[Aim of the exercise] The range runs from the line containing "Huttunen Punaviini carton package" through the last line of the material below; retype it exactly, leaving out the pictures.

[Material provided]
■ ■ ■
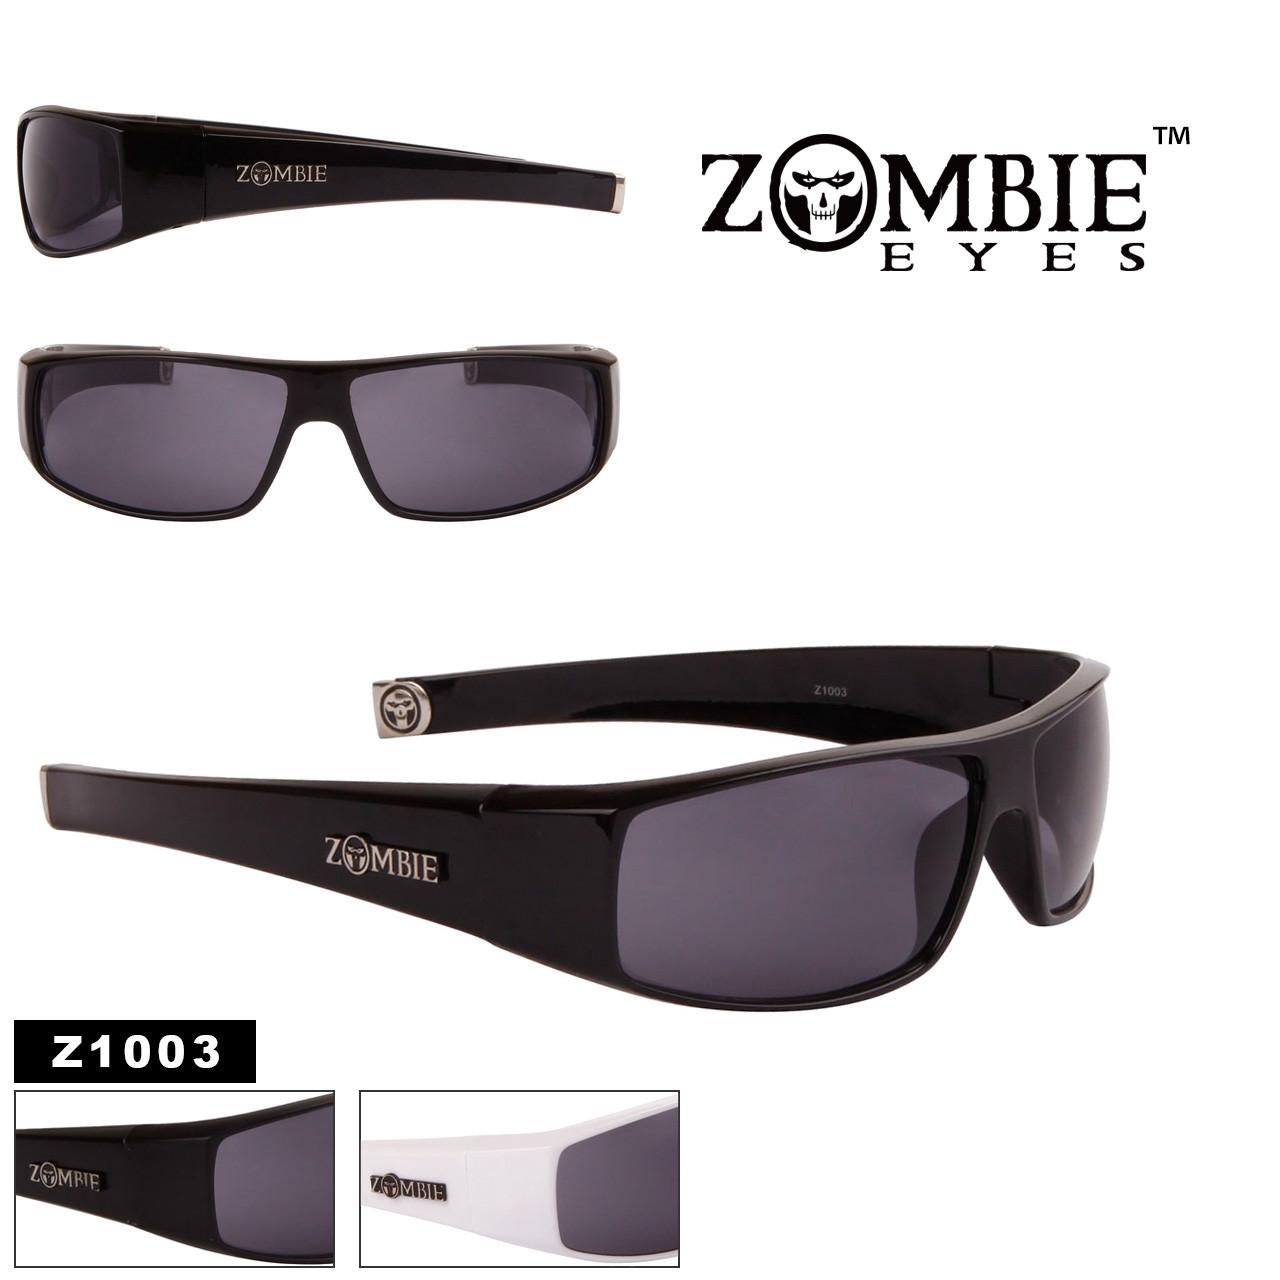 Zombie Eyes™ Men's Sunglasses - Style #Z1003
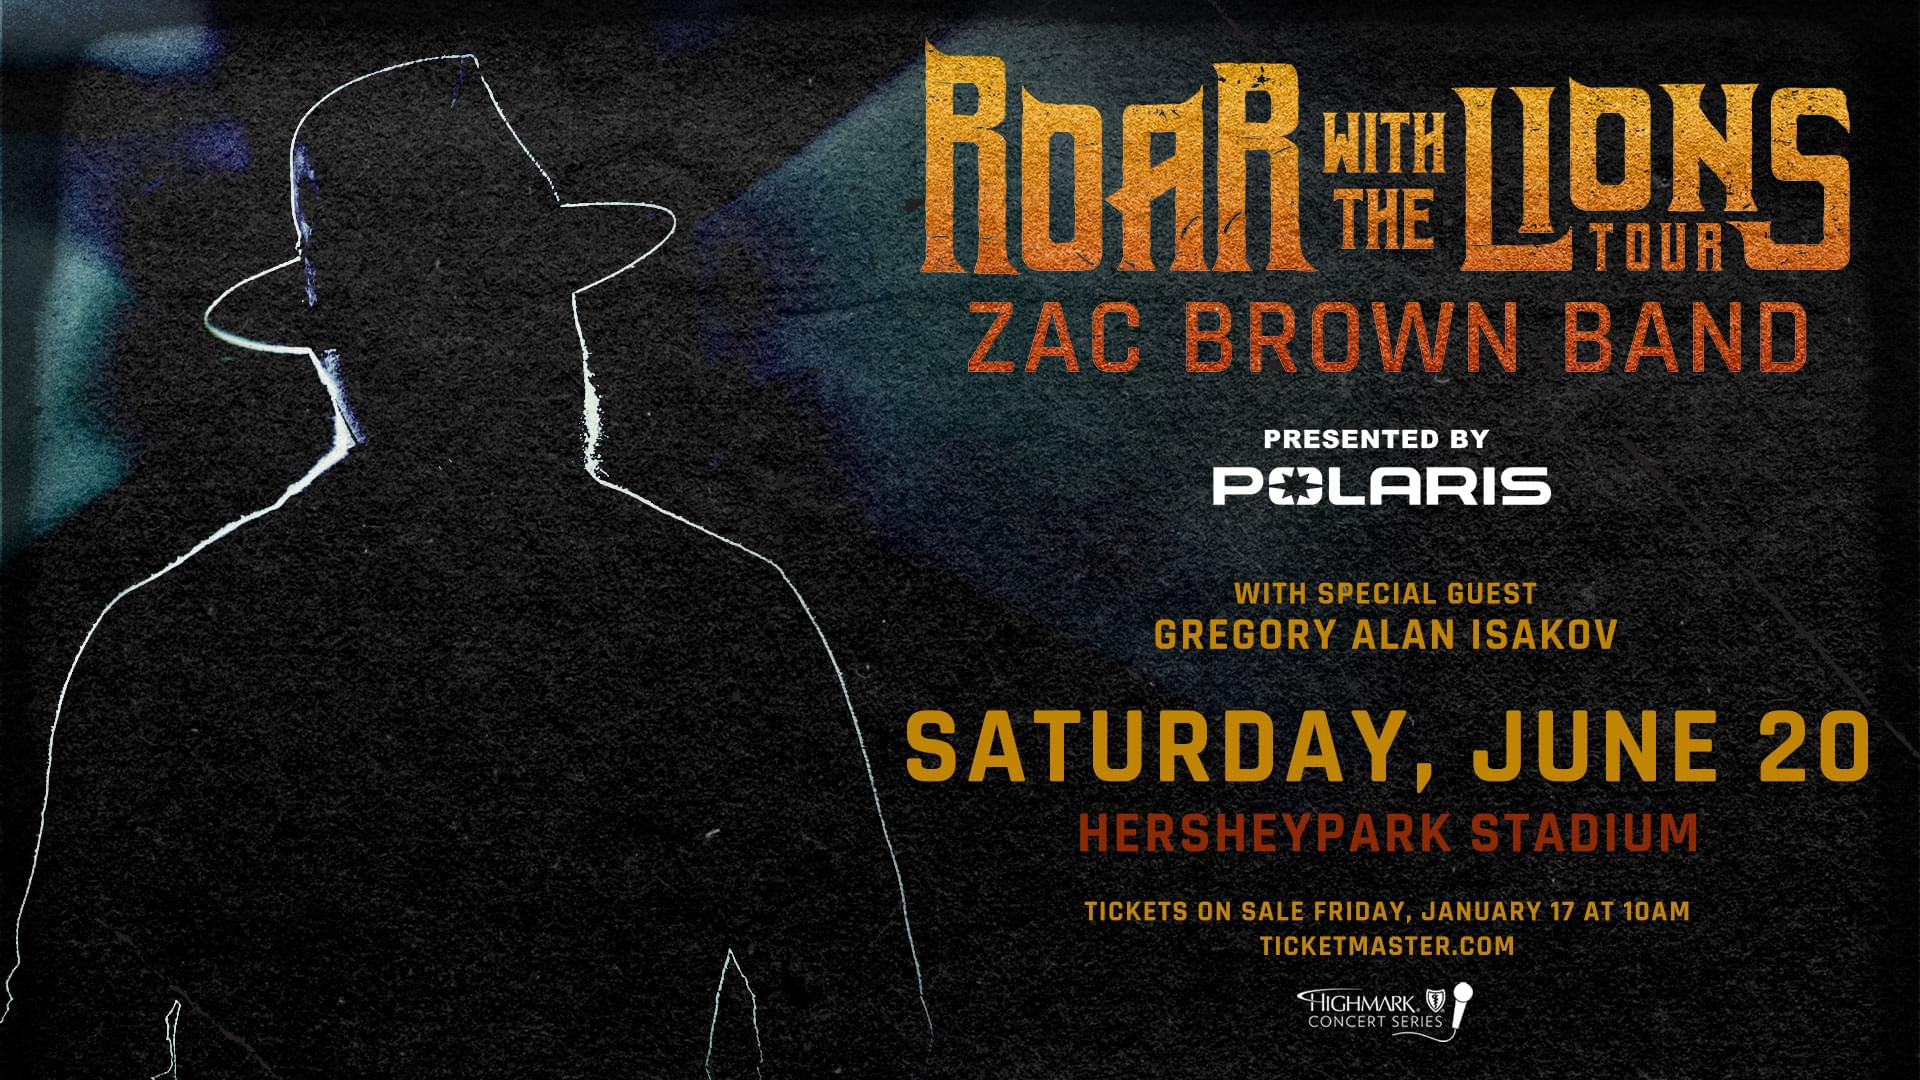 Zac Brown Band Giveaway!
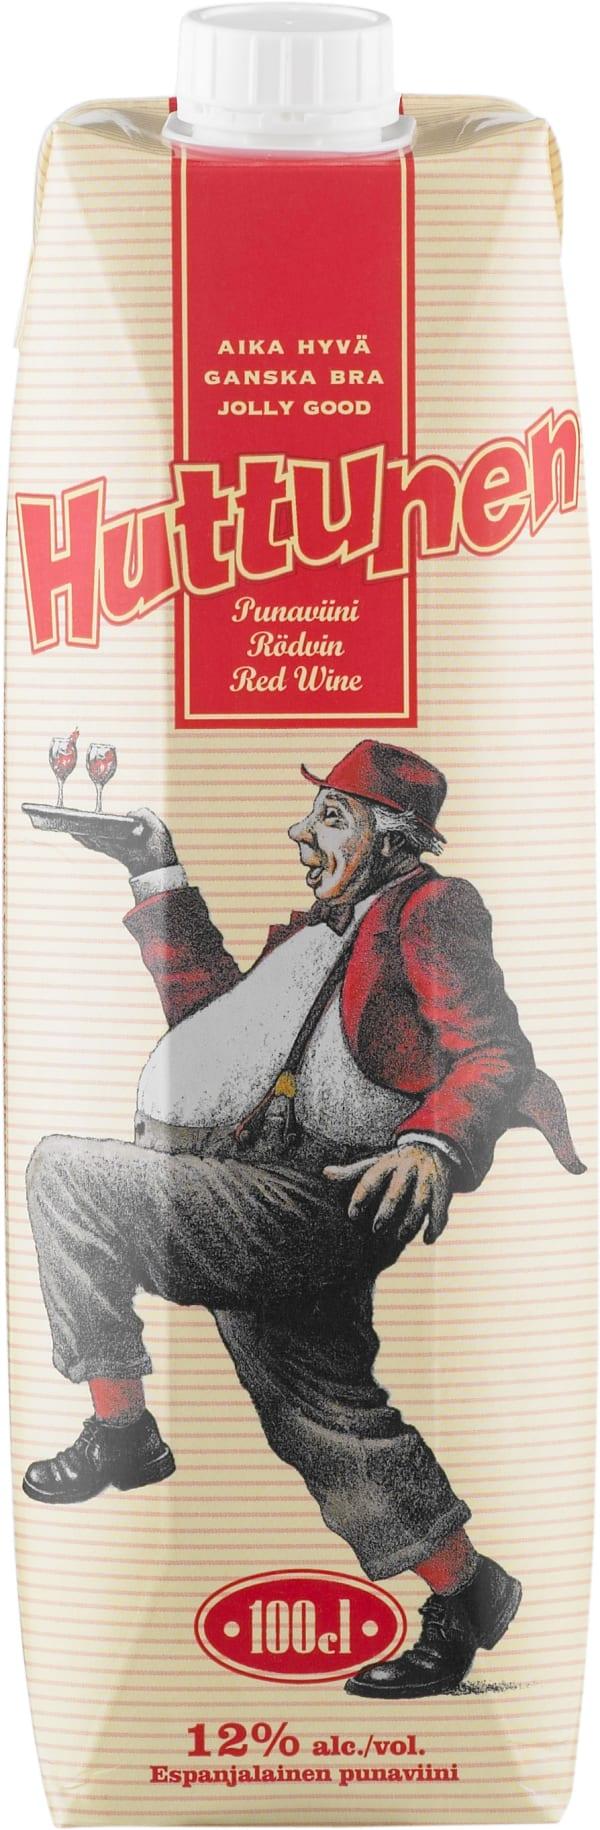 Huttunen Punaviini carton package
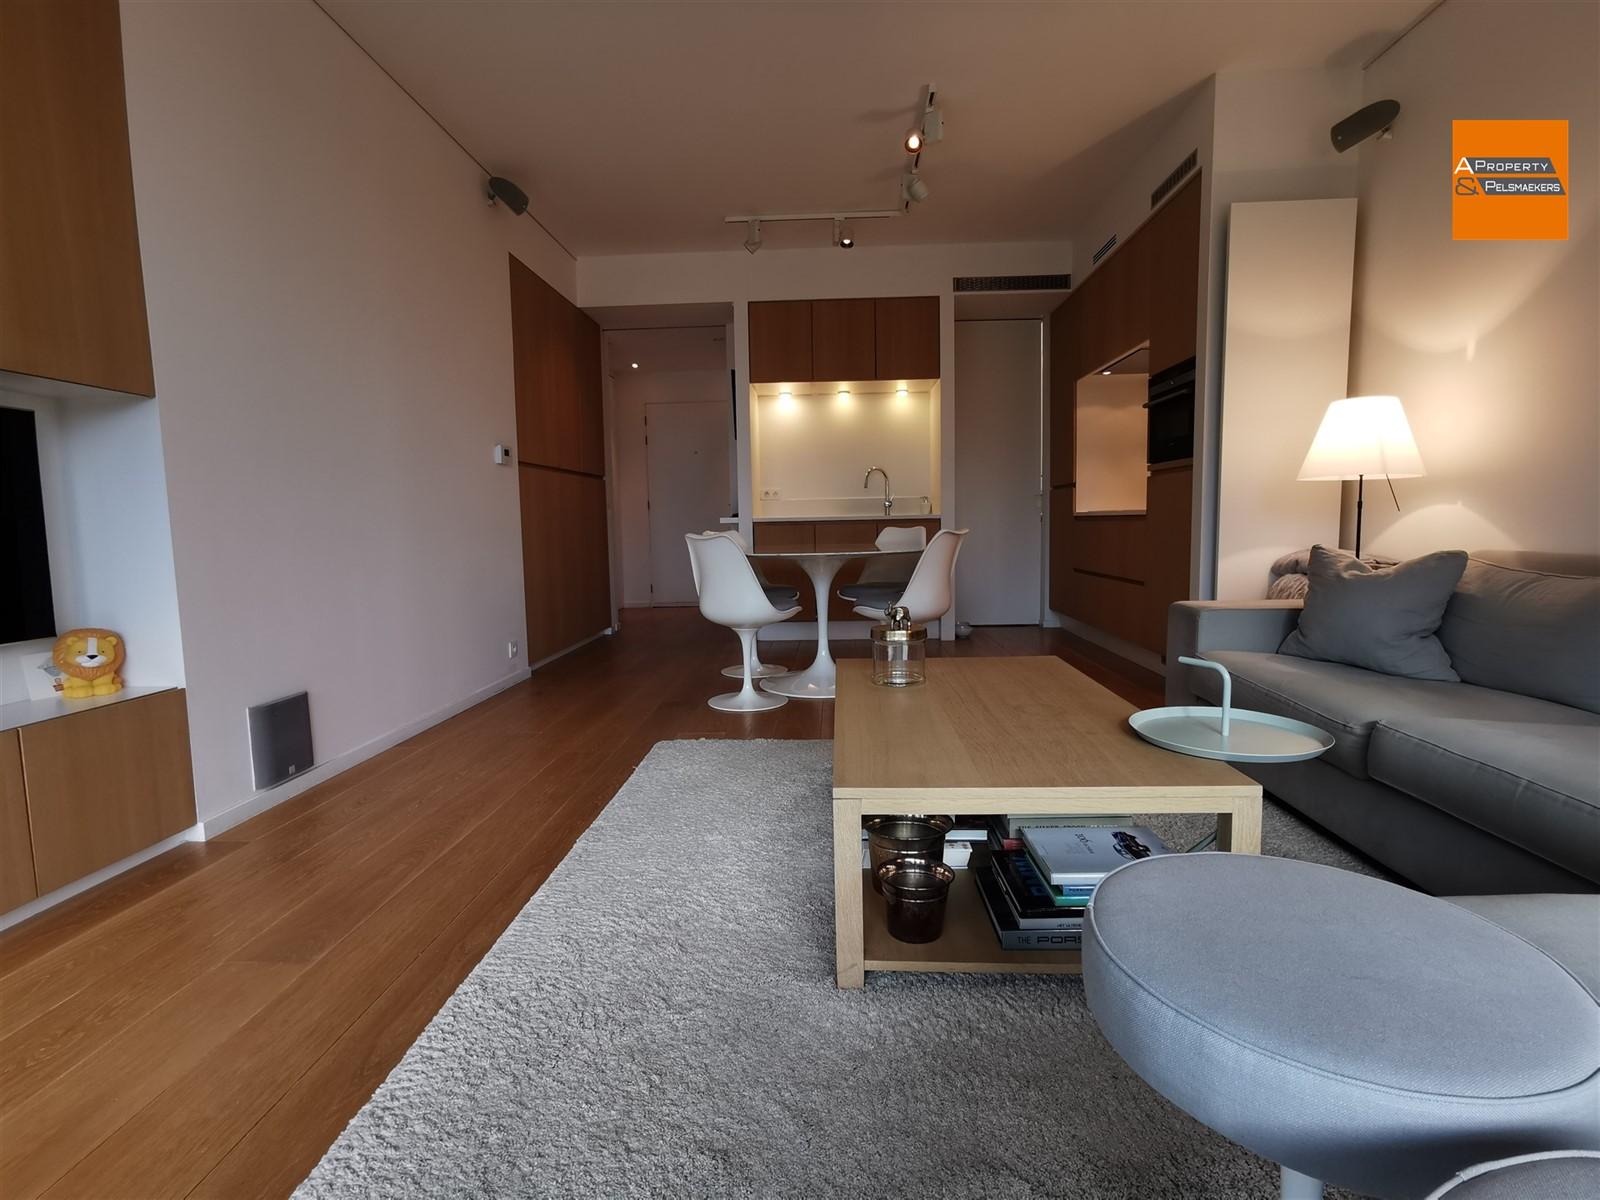 Foto 2 : Gemeubeld appartement in 1050 ELSENE (België) - Prijs € 1.500
■ ■ ■
[Answer box]
 Huttunen Punaviini carton package
 Foto 2 : Gemeubeld appartement in 1050 ELSENE (België) - Prijs € 1.500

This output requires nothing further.